Oracle Cloud Shell Configuration
The Oracle Cloud Shell is an embedded terminal/command-line interface that can you can use within the Oracle Console. Oracle Cloud Shell comes with tools pre-installed like the Oracle Cloud SDK, oci
command-line tool, and Terraform pre-installed to manage and automate your projects and resources in your environment.
Lacework provides a command-line interface tool that can generate Terraform code, install the Terraform CLI (if not installed), and run Terraform inside the Oracle Cloud Shell.
Step 1. Launch Oracle Cloud Shell within Oracle Console
To open Oracle Cloud Shell, first ensure that your home region is selected in the Regions menu at the top right of the OCI web console. Then click the Cloud Shell icon in the header bar. The Cloud Shell launches in a pane at the bottom of the browser, by default.
Step 2. Install the Lacework CLI in Oracle Cloud Shell
The Terraform provider for Lacework leverages the configuration from the Lacework CLI to authenticate with the Lacework API and configure accounts. Run the following commands to install the Lacework CLI:
mkdir -p "$HOME"/bin
curl https://raw.githubusercontent.com/lacework/go-sdk/main/cli/install.sh | bash -s -- -d "$HOME"/bin
echo 'export PATH=$PATH:$HOME/bin/' >> ~/.bashrc
When the script completes, type exit
followed by enter and close the shell. After the shell exits, open Cloud Shell again and the Lacework CLI will be ready to use.
For general information on the Lacework CLI, see Get Started with the Lacework CLI.
Step 3. Create Lacework API Key
The Lacework CLI requires an API key and secret to authenticate with Lacework. Lacework API keys can be created by Lacework account administrators via the Lacework Console. For more information, go to API Keys.
It is recommended to use a service user API key. To do so, create a service user account in Lacework. You can then create an API key for the user:
- Log in to the Lacework Console as a user in the Admin role or with write permissions for API keys.
- Click Settings > Configuration > API keys.
- Click + Add New.
- Enter a name for the key and an optional description.

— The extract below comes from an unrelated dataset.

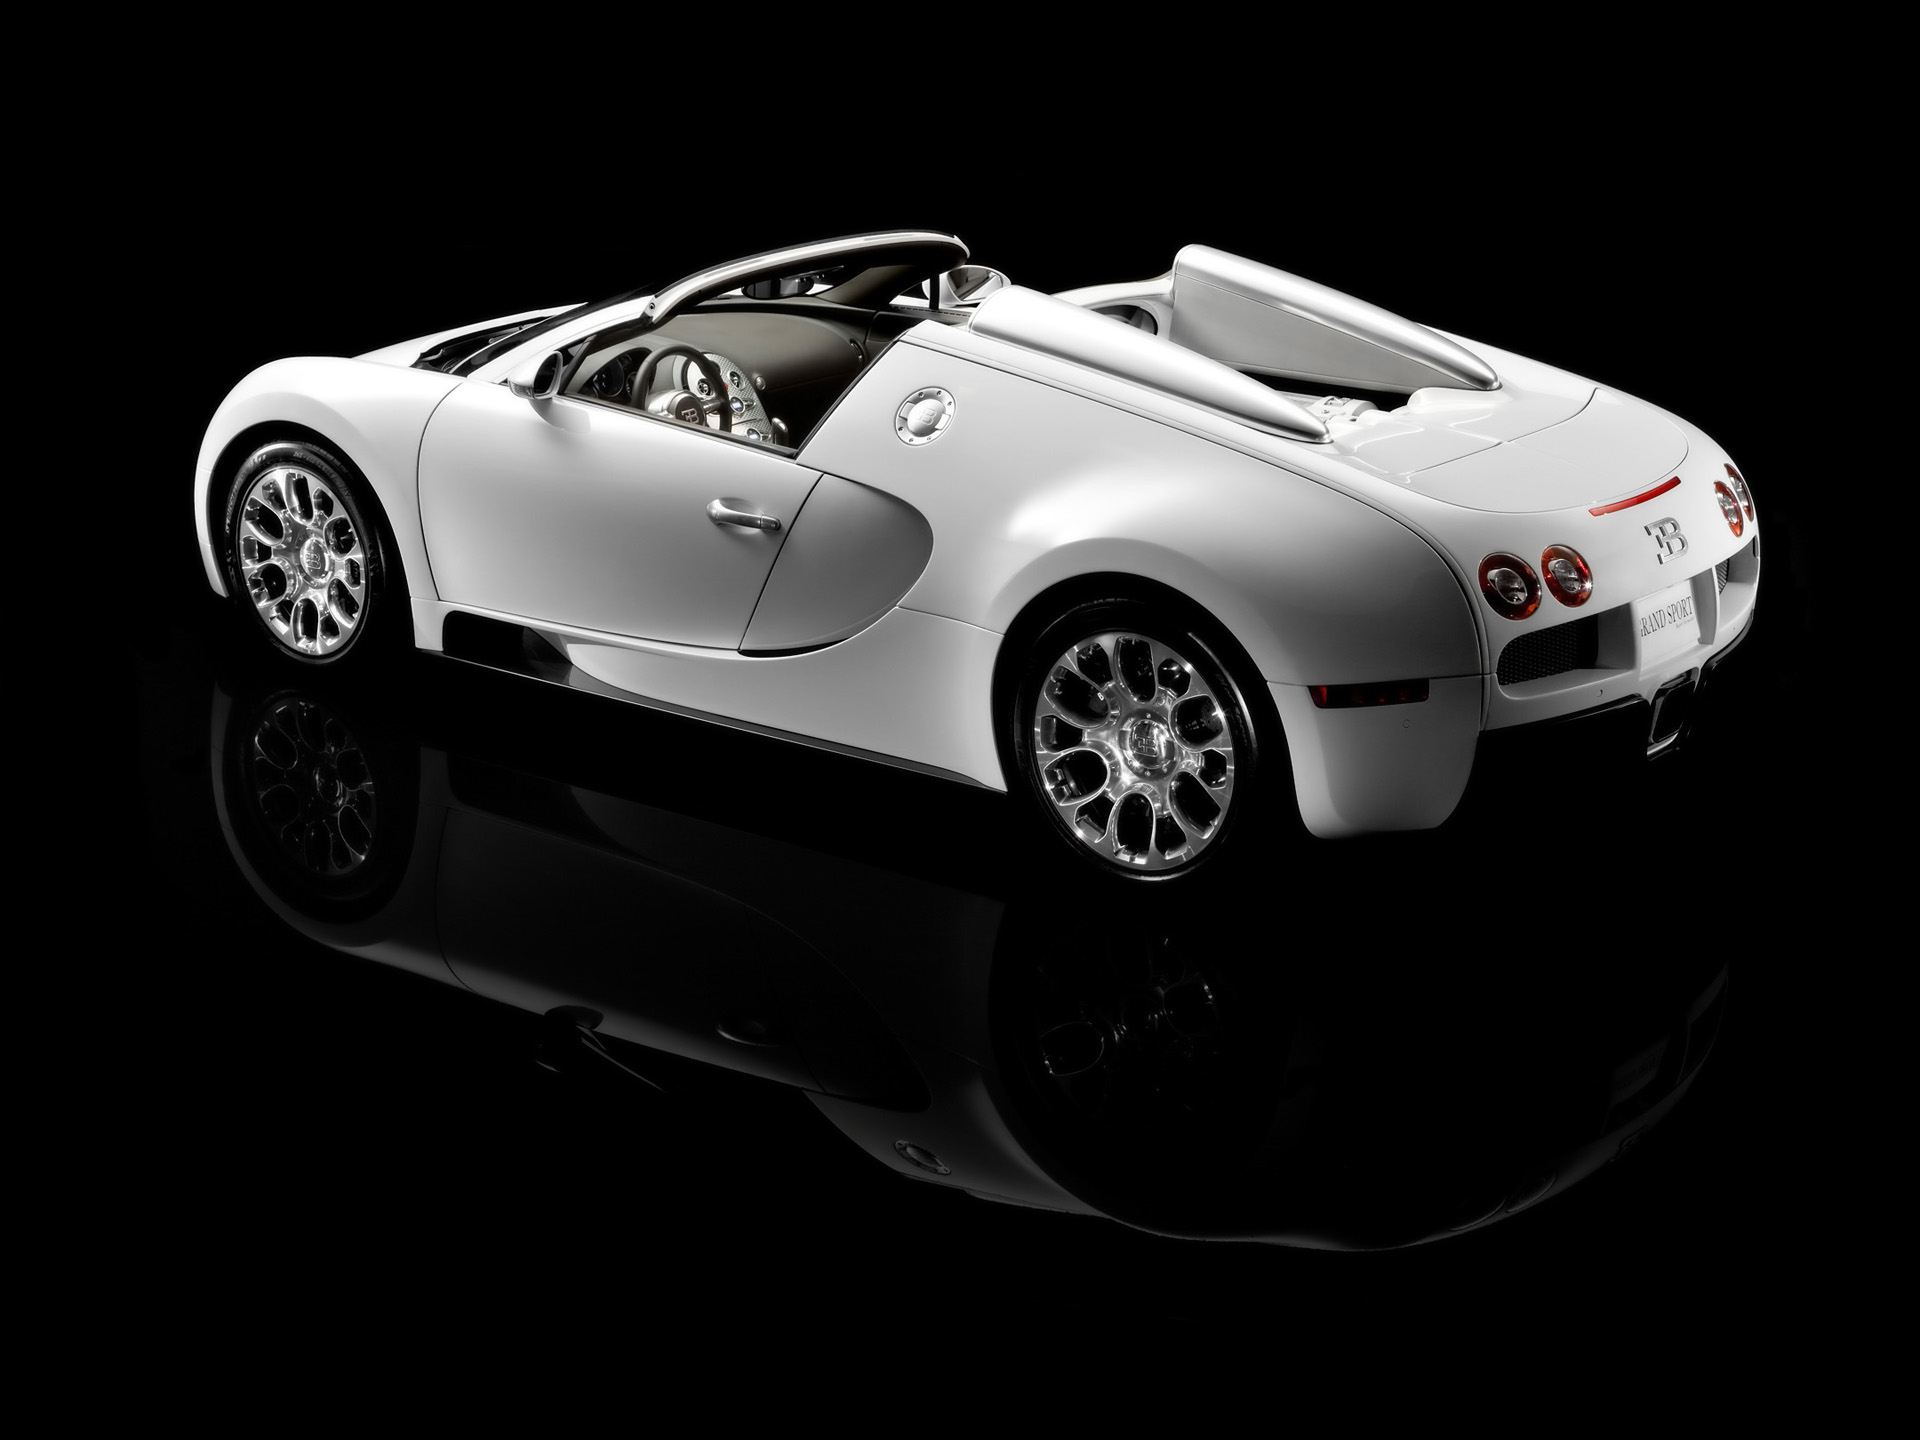 329138 descargar imagen vehículos, bugatti veyron 16 4 gran deporte, bugatti: fondos de pantalla y protectores de pantalla gratis

- Enable the Assign this to a service user option and choose the user you created from the list.
- Click Save.
- Click the ... icon and then Download to save the API key file locally.
The contents of your API key contain a keyId
secret
, subAccount
, and account
:
{
"keyId": "ACCOUNT_ABCEF01234559B9B07114E834D8570F567C824039756E03",
"secret": "_abc1234e243a645bcf173ef55b837c19",
"subAccount": "myaccount",
"account": "myaccount.lacework.net"
}
Step 4. Configure the Lacework CLI
Oracle Cloud Shell lets you drag-and-drop the generated JSON key file to your Cloud Shell window to upload it to your home directory.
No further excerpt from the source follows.